A lower court and an appellate court disagreed that Johnson had a valid claim and threw the whole case out. And so his lawyers -- invoking the Glossip case -- went to the Supreme Court, asking it to clarify what exactly inmates must do to have standing to bring "method-of-execution" lawsuits. What they want to know, in other words, is how inmates can avoid getting thrown out of court before formal litigation over these issues even begin.

Johnson's lawyers also asked the court the bottom-line question: whether it violates the Eighth Amendment to execute someone when there's a real risk of “uncontrollable seizures."

But they weren't done raising constitutional concerns. In a separate appeal to the justices, Johnson’s lawyers also brought to their attention the "difficult subject" of intellectual disability -- a matter the Supreme Court has confronted a number of times in the context of the death penalty.

Relying in large part in the court's landmark Atkins v. Virginia case, the lawyers said the jurors who voted for a death sentence failed to account for the clinical "hallmarks of an intellectually disabled person" -- very low IQ scores, a history of special education classes, reading comprehension at a young child's level and a "horrific upbringing," among other factors.

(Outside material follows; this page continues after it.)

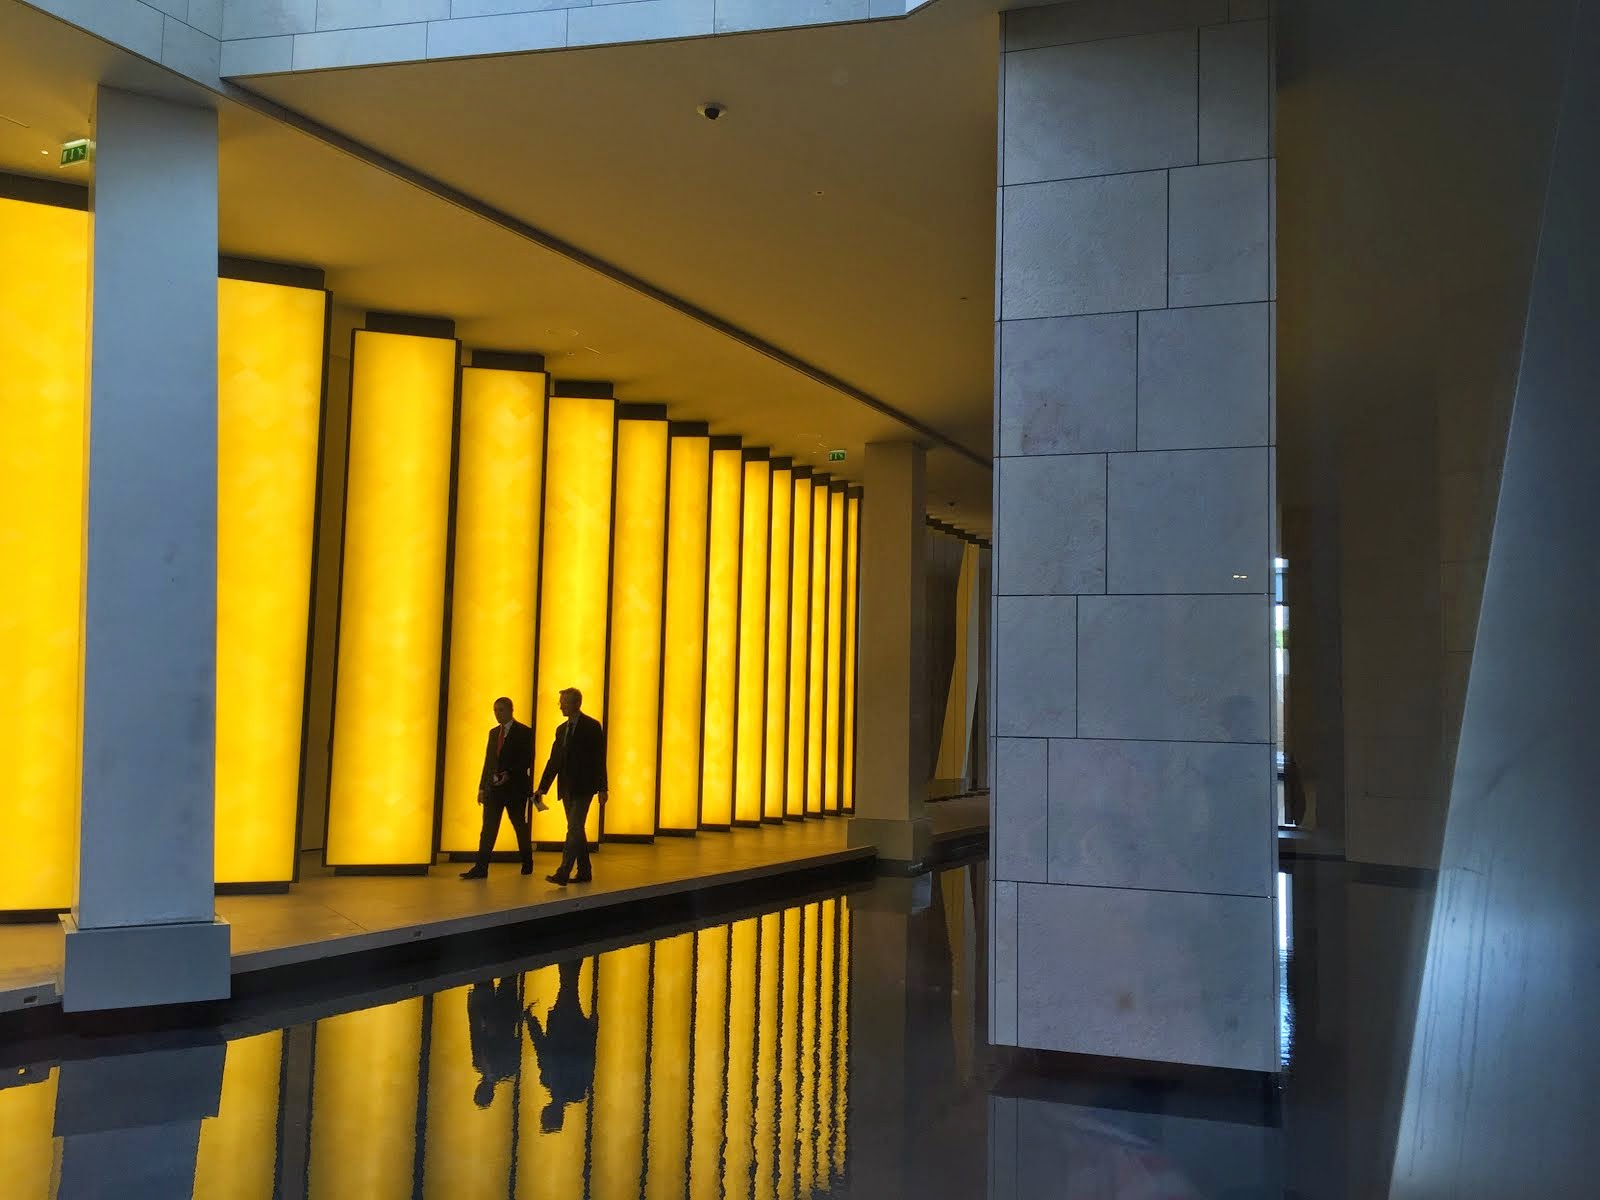 Reflecting pool, Foundation Louis Vuitton

Because of that oversight, the lawyers are now arguing before the Supreme Court that Johnson should be granted a hearing before a new jury to establish his "subaverage intellectual functioning." Anything less, they said, would violate the Constitution and prior decisions of the court.

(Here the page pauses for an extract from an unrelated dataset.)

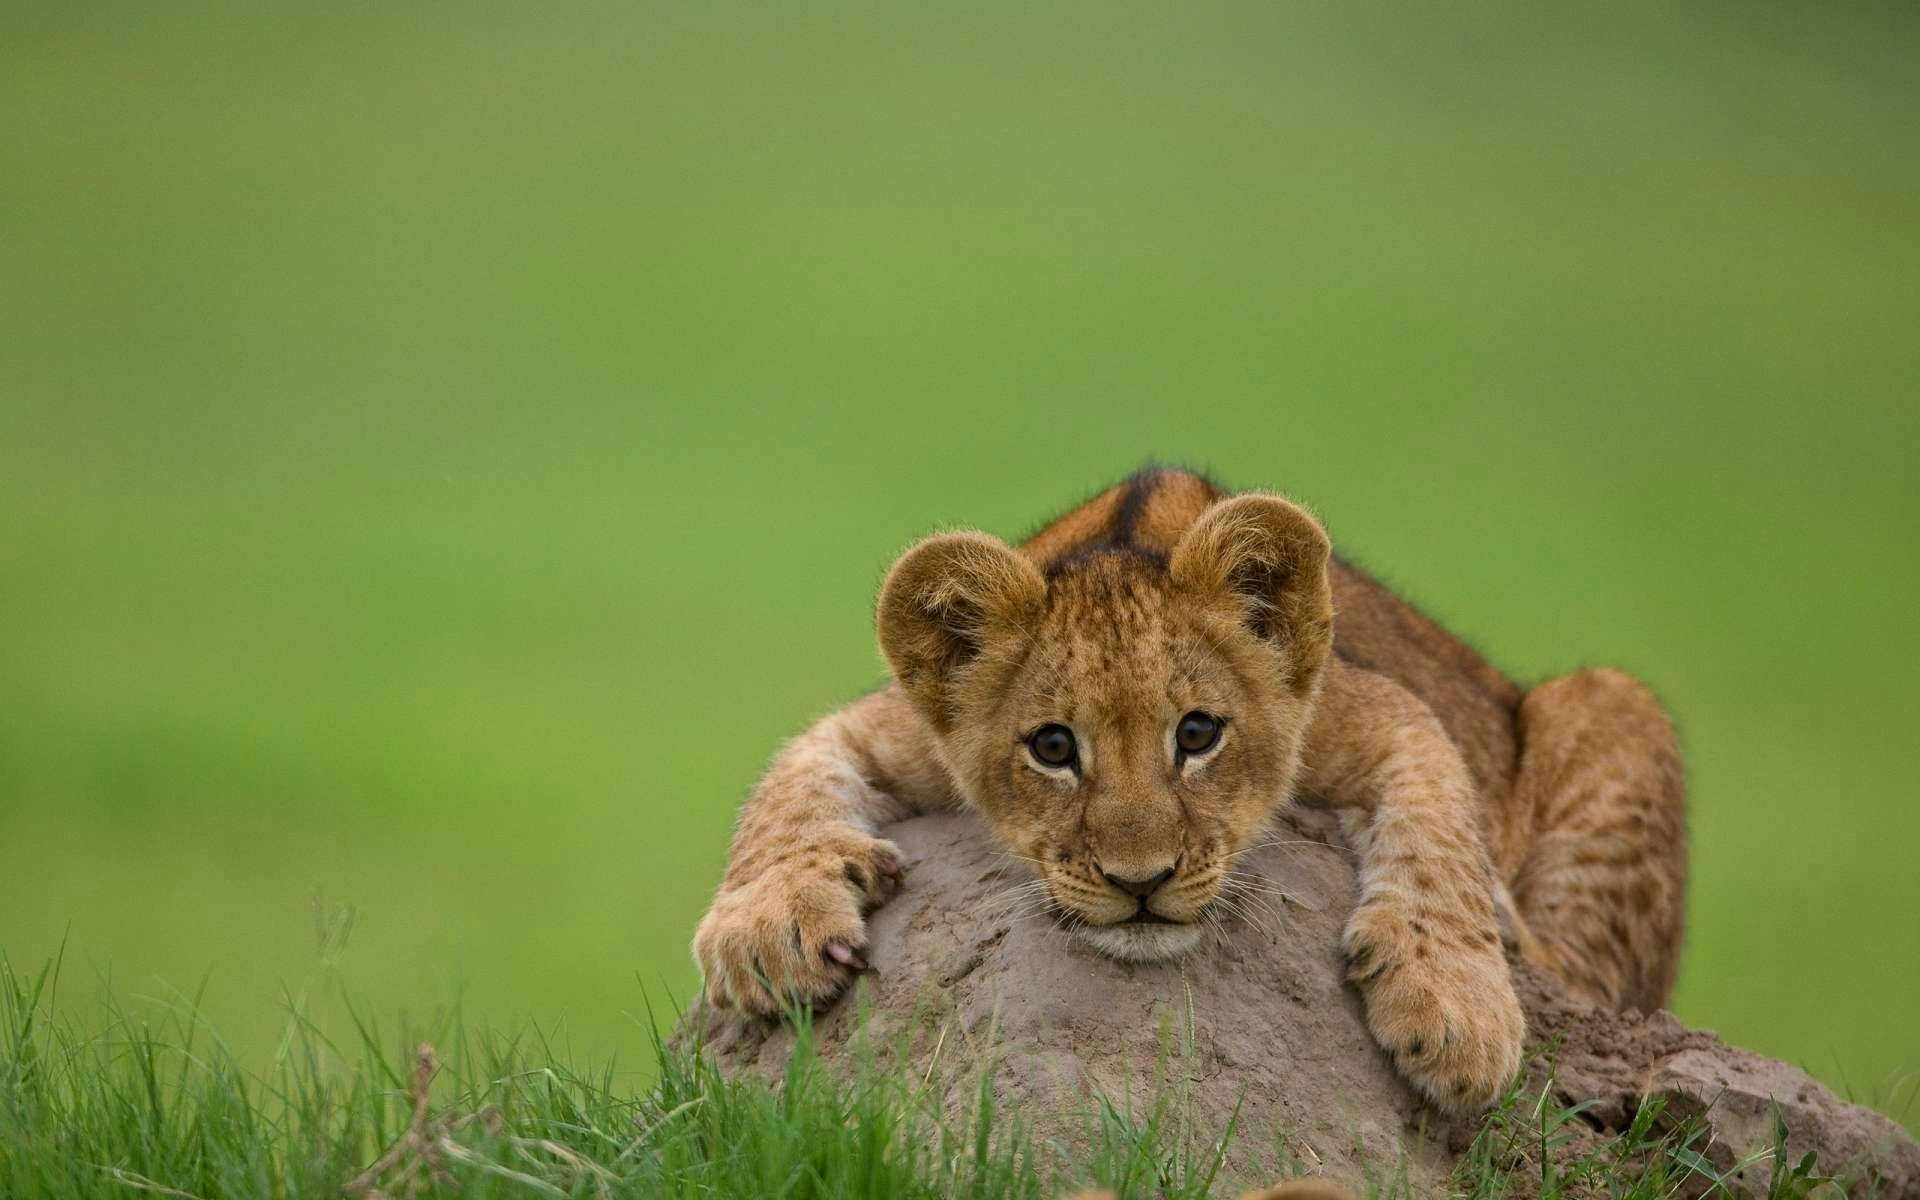 cute baby cheetah wallpaper | 1920x1080 | #12377

The court hasn’t yet ruled whether to formally accept either of Johnson’s substantive challenges. But at least with respect to Missouri's drug protocol, it did agree that halting his execution would be appropriate while the appeals process runs its course.

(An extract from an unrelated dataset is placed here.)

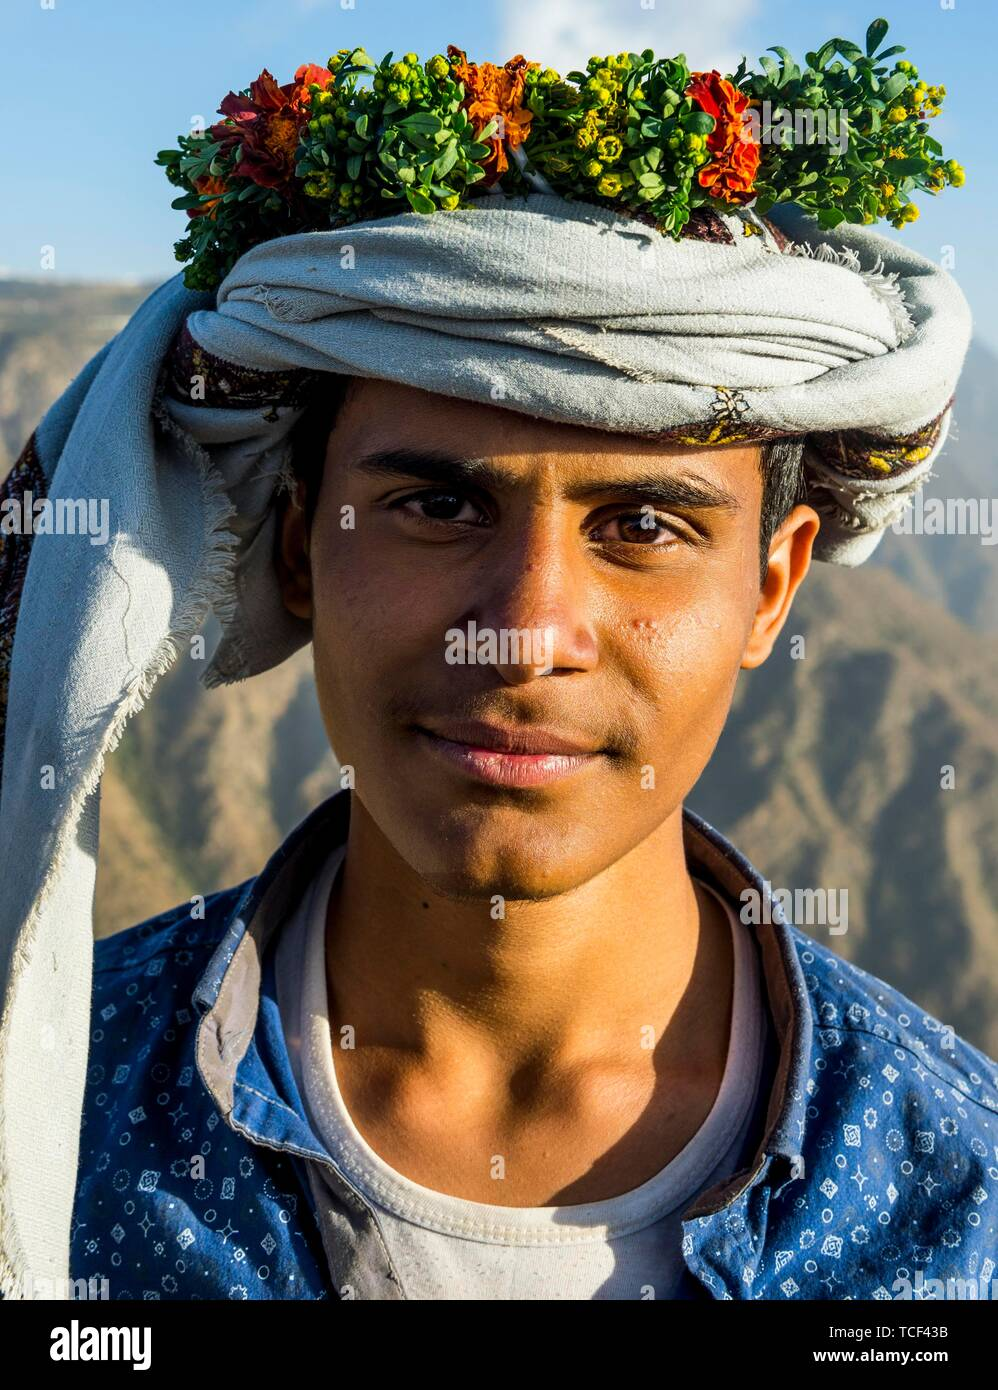 Abha Saudi Arabia High Resolution Stock Photography And Images Alamy

Interestingly, no justices felt strongly enough about the case to dissent from Tuesday’s order -- presumably because their decision in Glossip is very recent and they have an interest in seeing how it plays out in the lower courts. It’s a wait-and-see game.

Perhaps in granting this temporary reprieve to Johnson, the Supreme Court is showing that it has learned the real lesson of the Glossip case: that the administration of capital punishment in the states is deeply dysfunctional, and that it pays to let all the real facts about the dysfunction come out before deciding whether to allow an execution to proceed.